Además de la fase de extracción de minerales, el ciclo de vida de un producto electrónico está formado por otras fases con altos impactos sociales y medioambientales. La fase de fabricación y ensamblaje llevada a cabo mayoritariamente en el sureste asiático y México, conlleva una situación de abusos laborales en la cadena de producción alarmante. Las condiciones en las que trabajan muchas de las subcontratas de fabricantes de productos electrónicos (muchos de ellos altamente conocidos) llega a unos puntos en el que el ansia de seguir bajando el coste de los productos pone en riesgo la salud de las personas que trabajan en estas fábricas, además de la violación de sus derechos humanos y la contaminación del medio. Todo ello es consecuencia de una falta de regulación estricta y de auditorías para el cumplimiento de una serie de medidas que garanticen que se reduzcan al mínimo de la fase de fabricación.

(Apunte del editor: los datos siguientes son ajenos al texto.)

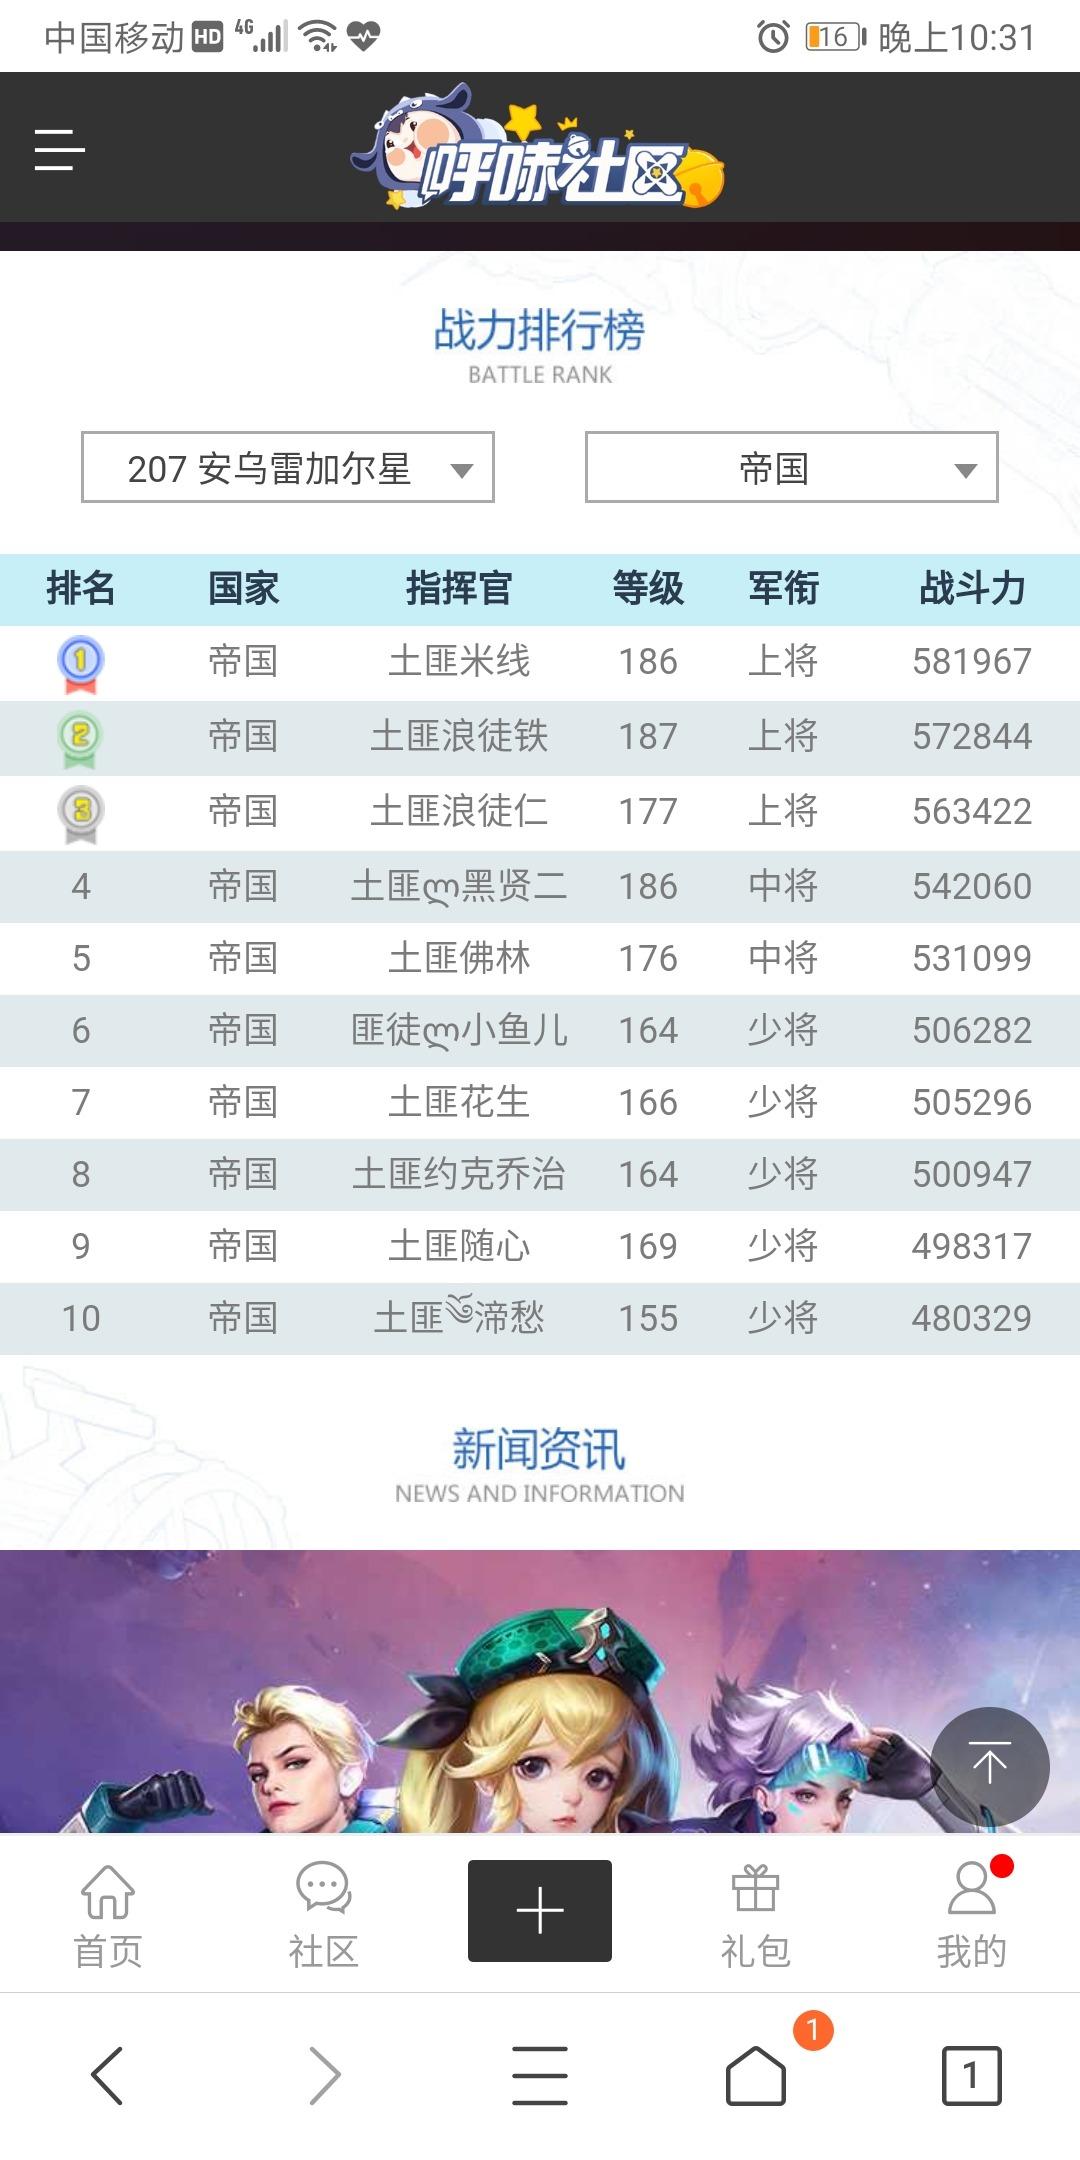 Screenshot_20210610_223104_com.tencent.mtt.jpg

Por otro lado la fase de fin de vida de un producto electrónico se ve reflejado en la duración de nuestros dispositivos electrónicos. El conocido concepto de “obsolescencia programada” esta generando un debate entre ética y consumismo, promoviendo que los consumidores tengamos que replantearnos qué hacer con nuestros aparatos cuando dejan de funcionar. Hoy en día, la reparación para su reutilización es una opción en algunos casos difícil y costosa. Y el reciclaje no siempre llega a su fin como motivo de los continuados robos en puntos limpios y la gestión ilegal de residuos. Actualmente se están exportando gran parte de estos residuos a países en vías de desarrollo como Ghana donde auténticas ciudades vertedero reflejan el grave incumplimiento del Convenio de Basilea. Todo ello sumado a la competencia desleal de los fabricantes que no se responsabilizan de la gestión de sus productos al final de su vida útil.

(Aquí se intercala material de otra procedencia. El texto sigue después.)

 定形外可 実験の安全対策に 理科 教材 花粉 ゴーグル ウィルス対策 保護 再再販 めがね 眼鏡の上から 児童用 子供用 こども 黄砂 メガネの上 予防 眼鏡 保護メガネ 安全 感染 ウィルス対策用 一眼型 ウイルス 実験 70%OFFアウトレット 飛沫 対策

Consecuentemente los consumidores tenemos el poder de ser los protagonistas de la fase de uso de los productos electrónicos, y tomar las decisiones oportunas para usar estos productos de la manera más responsable posible, pudiendo además demandar que se cumplan una serie de requisitos que hagan que este sector empiece a tomar de una vez un rumbo diferente.

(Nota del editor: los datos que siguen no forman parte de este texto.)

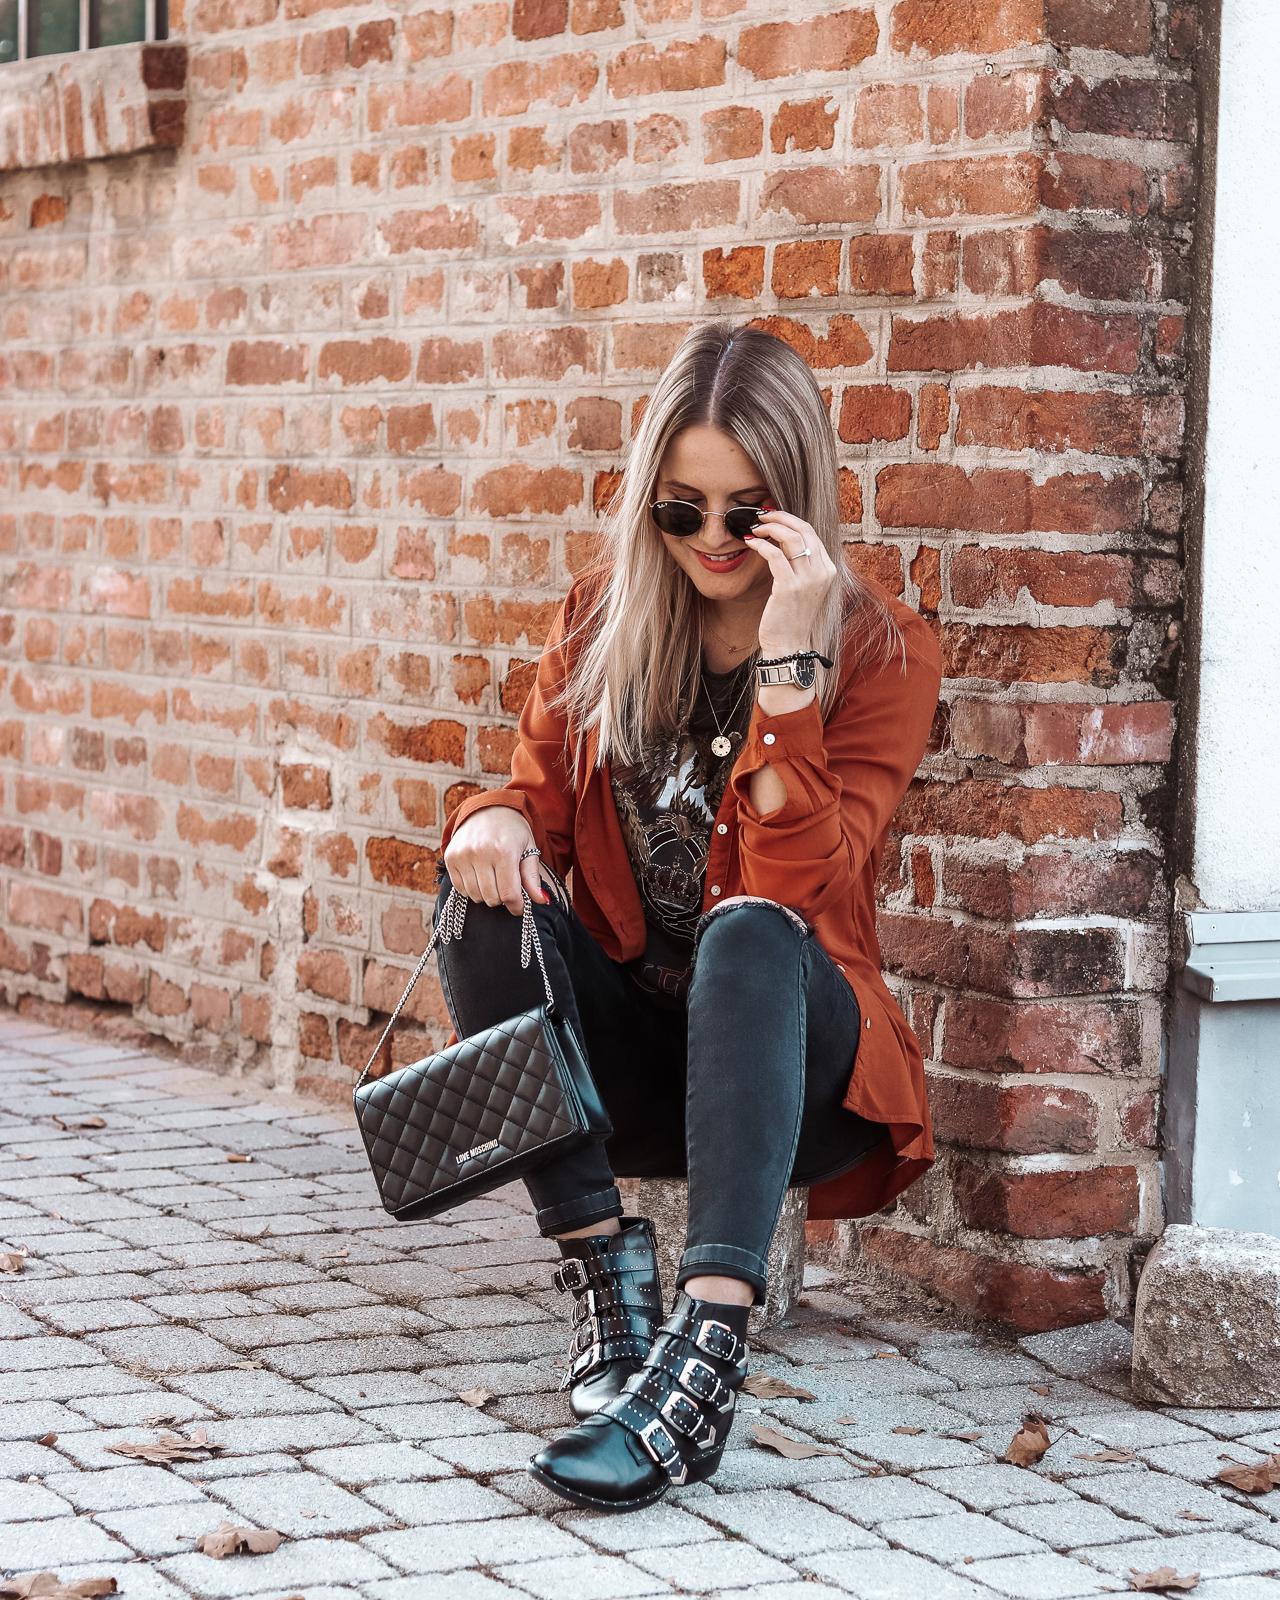 Was ziehe ich morgen an - 10 Outfit Ideen für den Herbst - Herbstlooks - Herstmode - Herbst Kleidung - Was ziehe ich im Herbst an - Mode für den Herbst . Herbst Outfit - Was soll ich anziehen - was im Herbst anziehen - Fashionladyloves by Tamara Wagner

El primer paso para ello es informarse. Por ello desde Ingeniería Sin Fronteras y Carro de Combate llevamos unos años trabajando en dar a conocer la problemática asociada con la industria electrónica. Desde el grupo de Electrónica Ética se están llevando a cabo tareas de investigación, sensibilización e incidencia sobre las principales fases del ciclo de vida de un producto electrónico mencionadas anteriormente. Como fruto de este trabajo de sensibilización se ha realizado un pequeño vídeo de animación que recorre estas principales fases del ciclo de vida, mostrando la problemática asociada en cada una de ellas. Es necesario destacar que el vídeo ha sido elaborado gracias a la colaboración del Área de Cooperación al Desarrollo de la Universidad de Valladolid.